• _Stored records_
*** Block opens ***

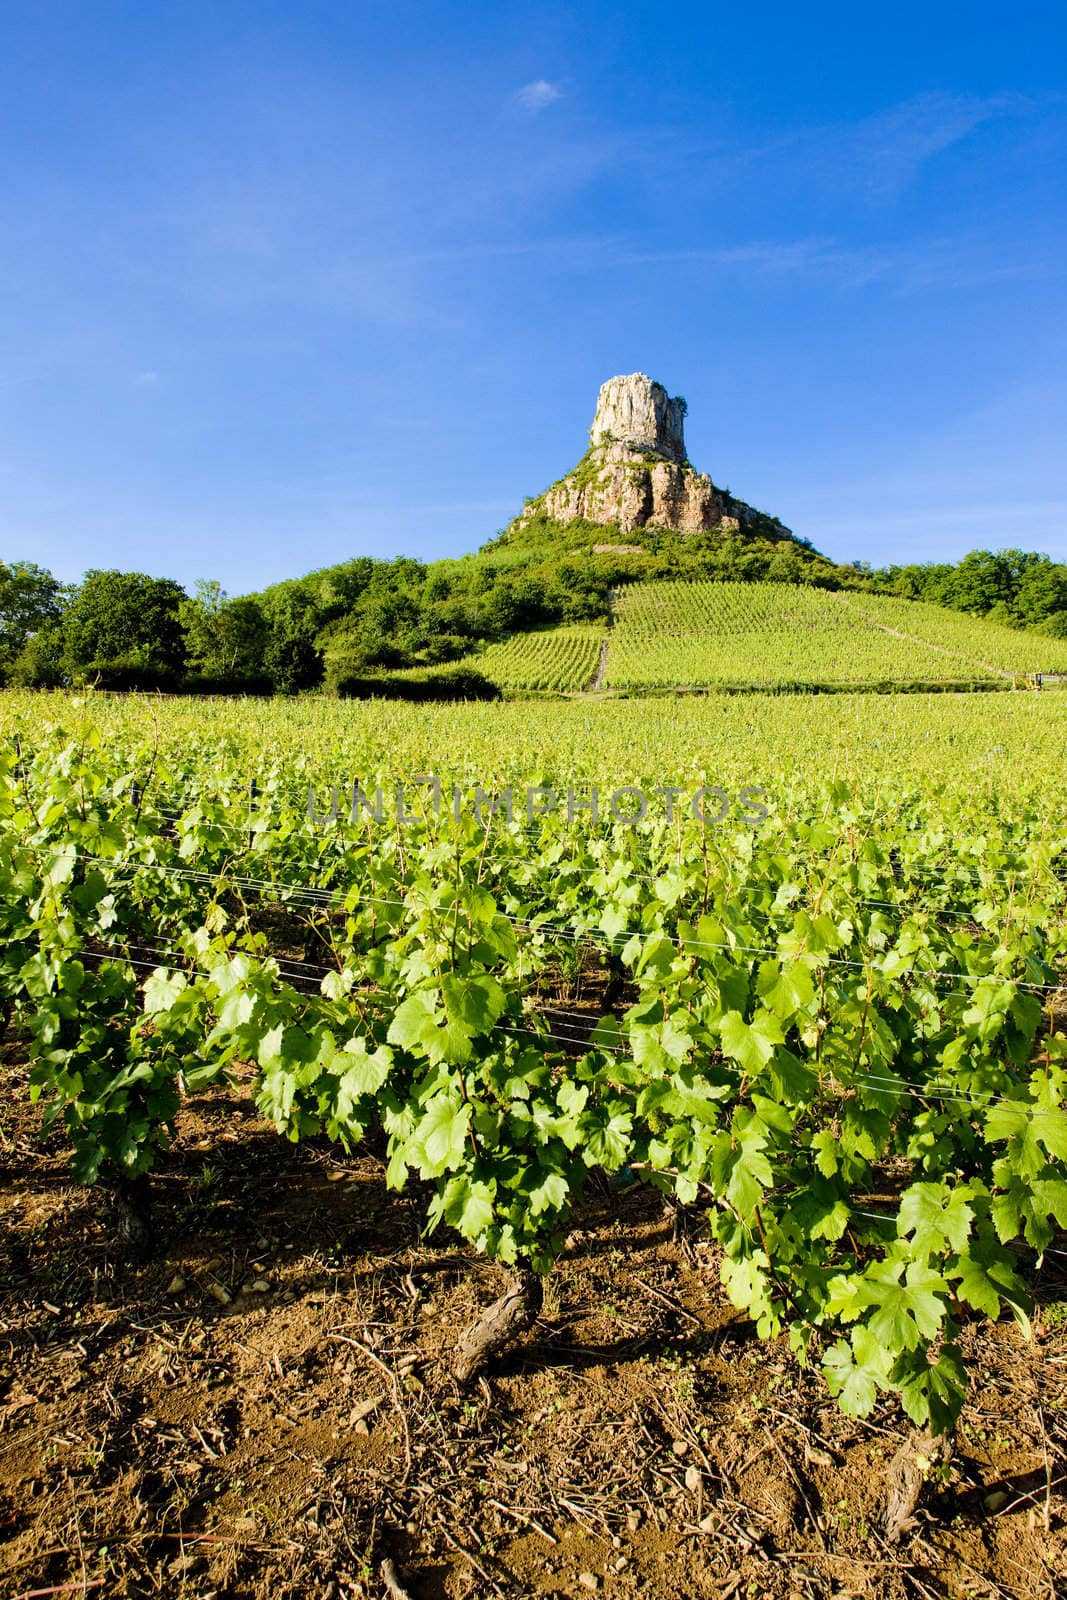 La Roche de Solutr� with vineyards, Burgundy, France by phbcz
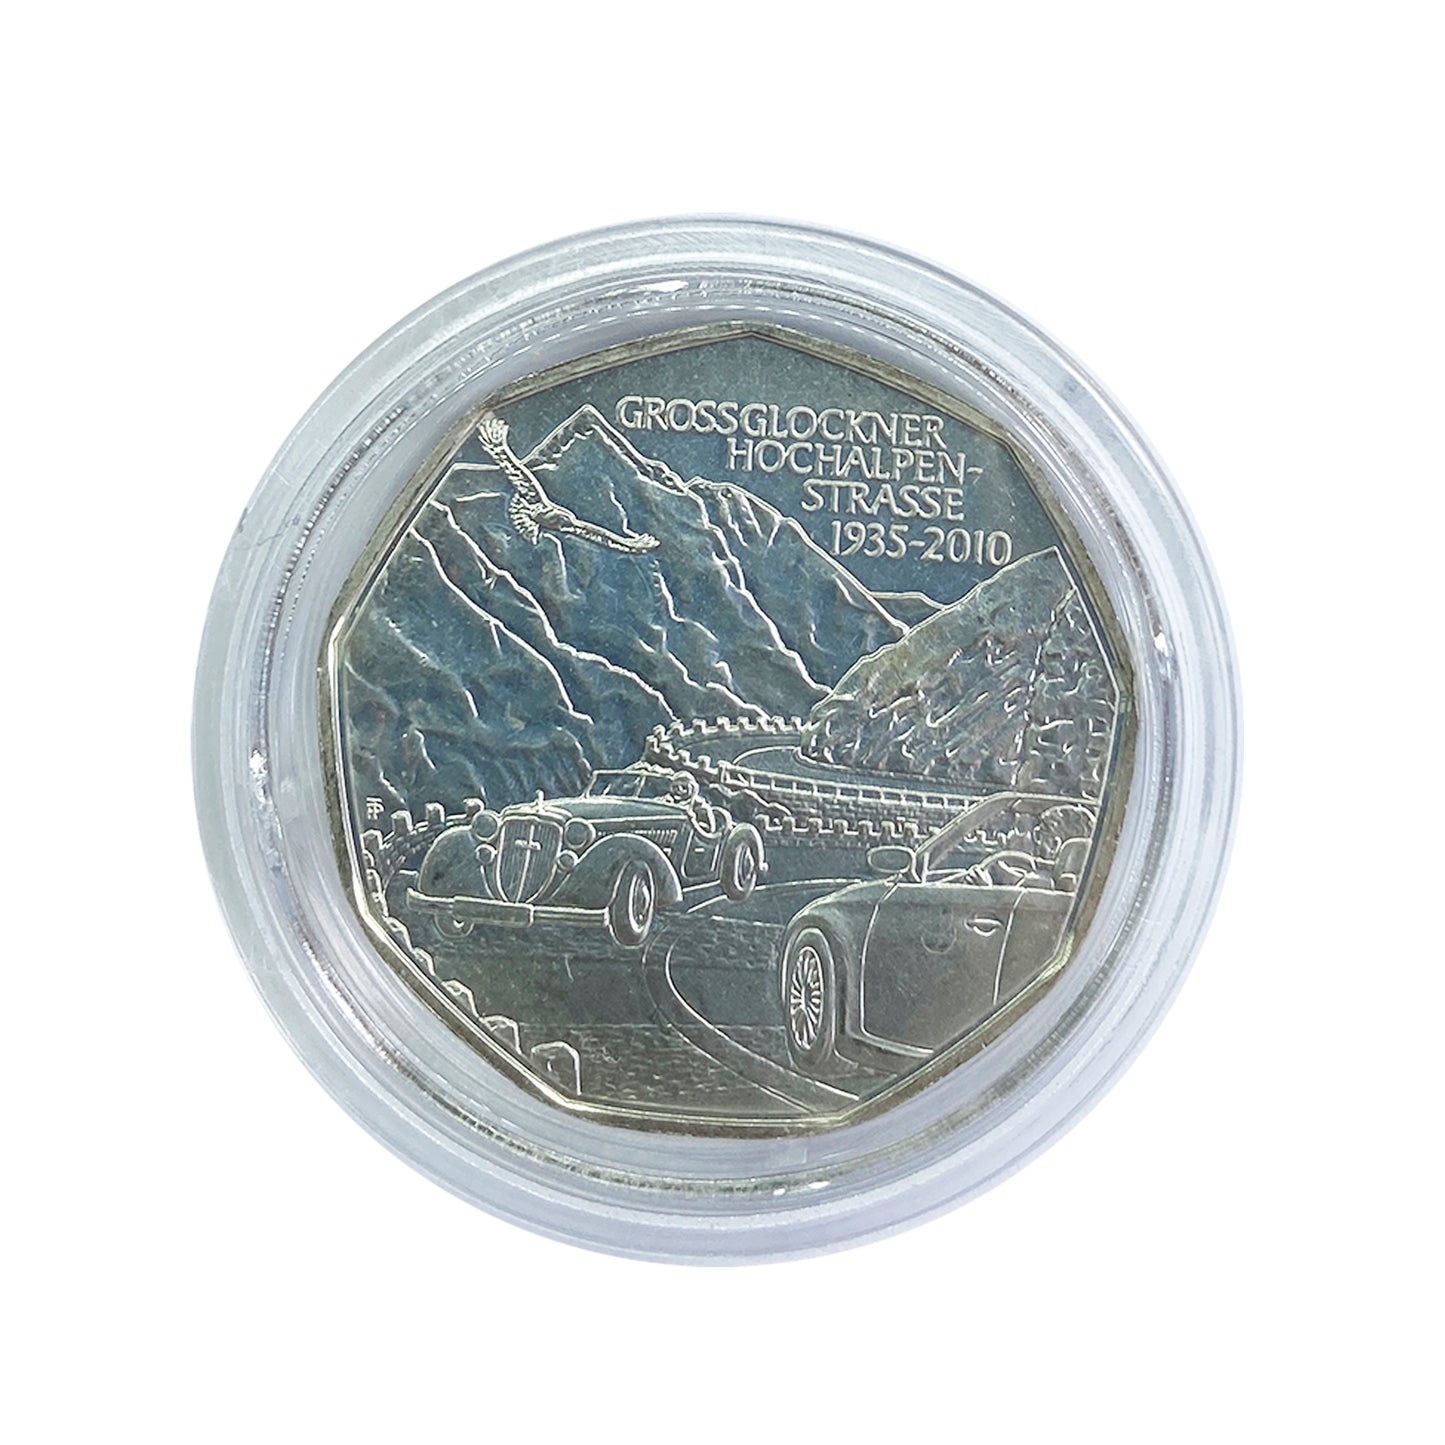 Austria - Moneda 5 euros plata 2010 - Carretera alpina del Grossglockner
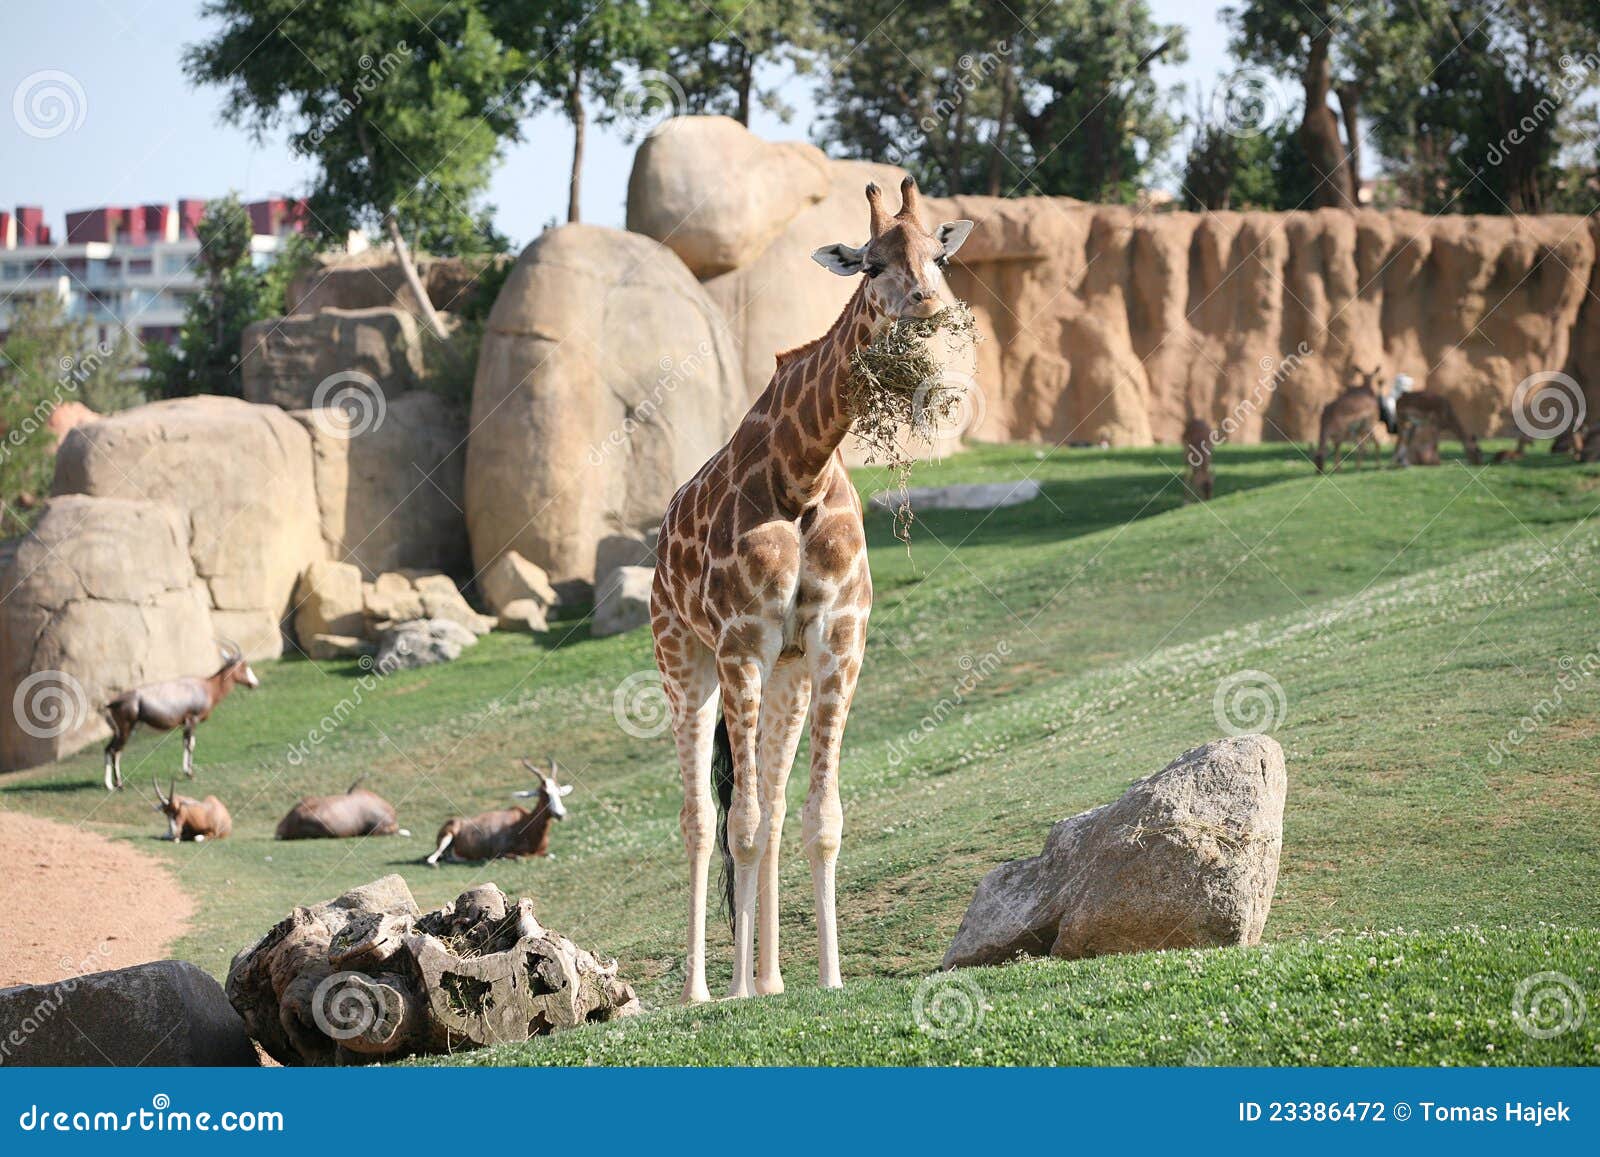 giraffe in biopark
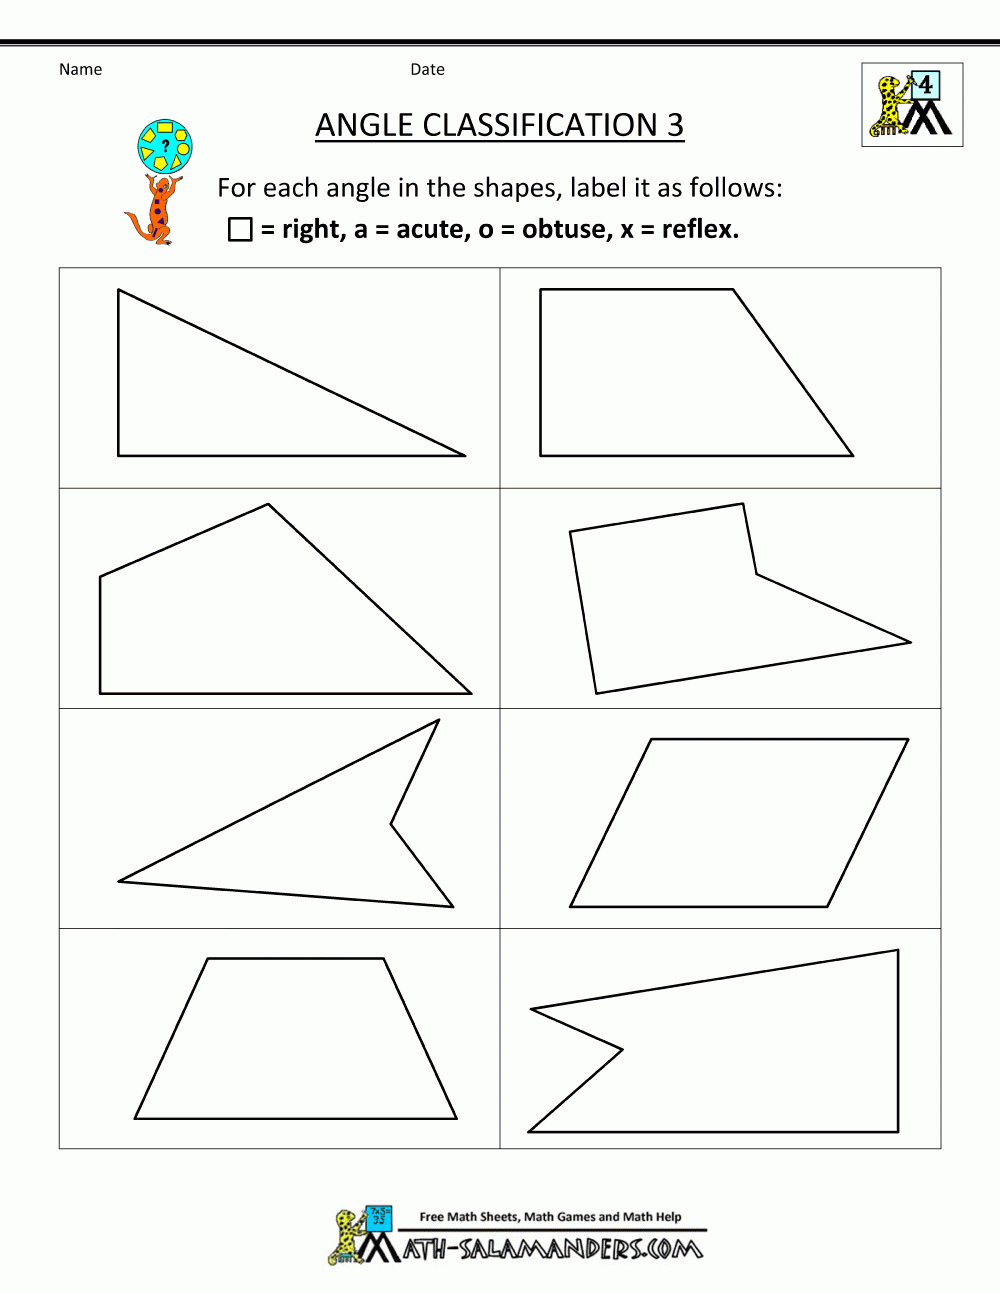 free-printable-math-worksheets-for-4th-grade-angles-math-worksheets
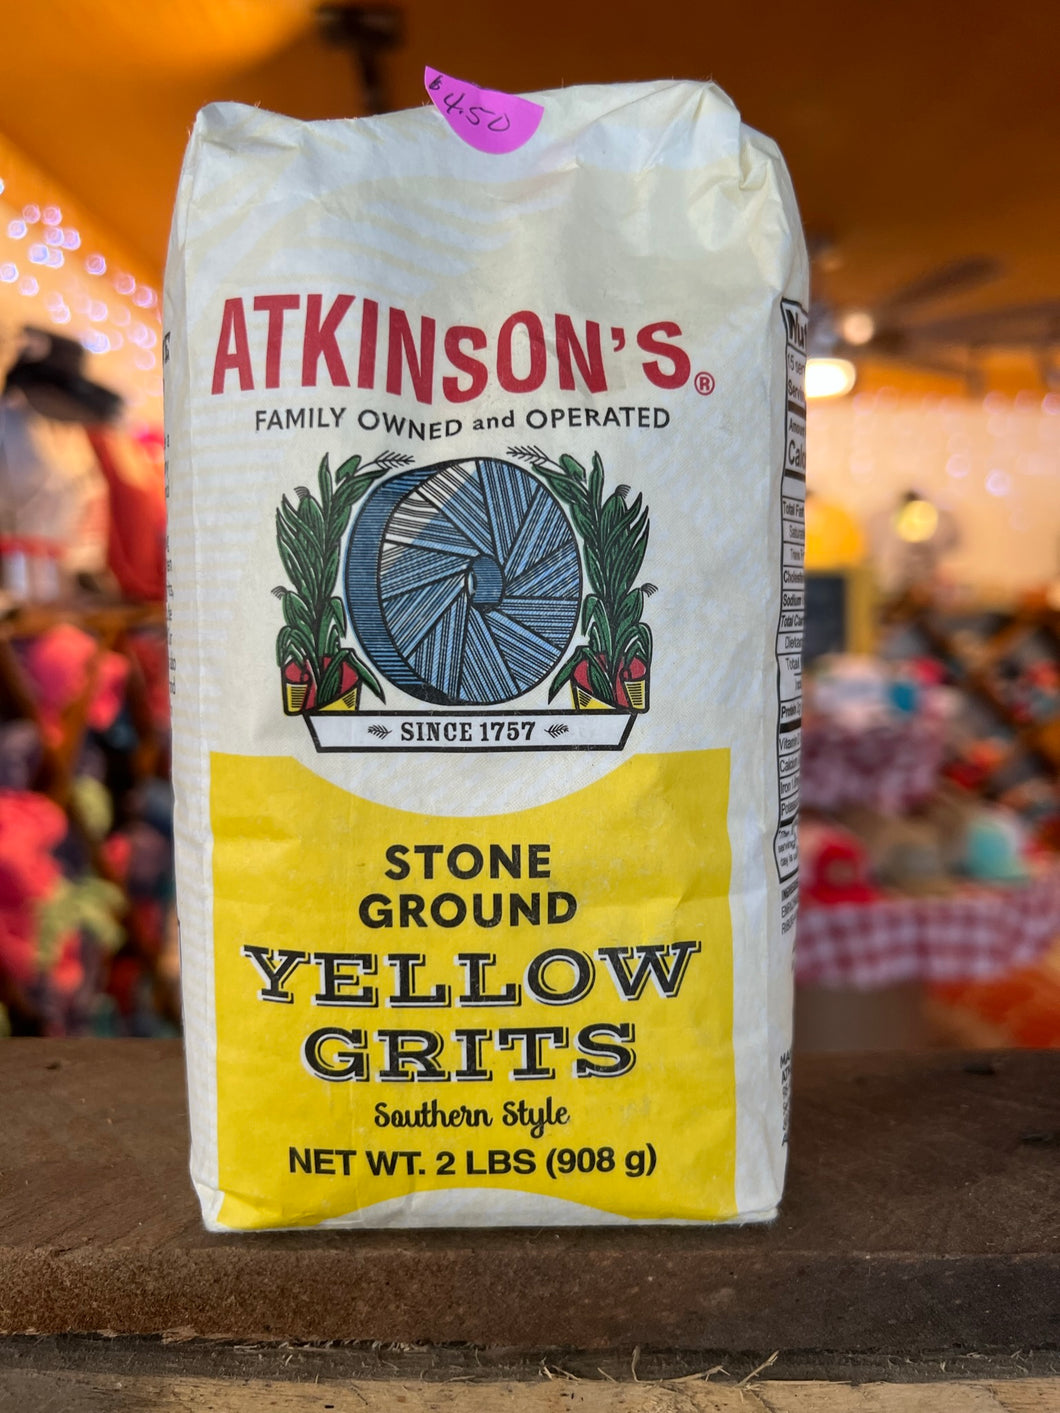 Atkinson's stone ground yellow grits

*** Block closes ***

• _Brief_
Output all lines above precisely. Pictures are to be left out.

• _The completed task_
 La Roche de Solutr� with vineyards, Burgundy, France by phbcz
 Austria - Moneda 5 euros plata 2010 - Carretera alpina del Grossglockner
 giraffe in biopark
 free-printable-math-worksheets-for-4th-grade-angles-math-worksheets
 Atkinson's stone ground yellow grits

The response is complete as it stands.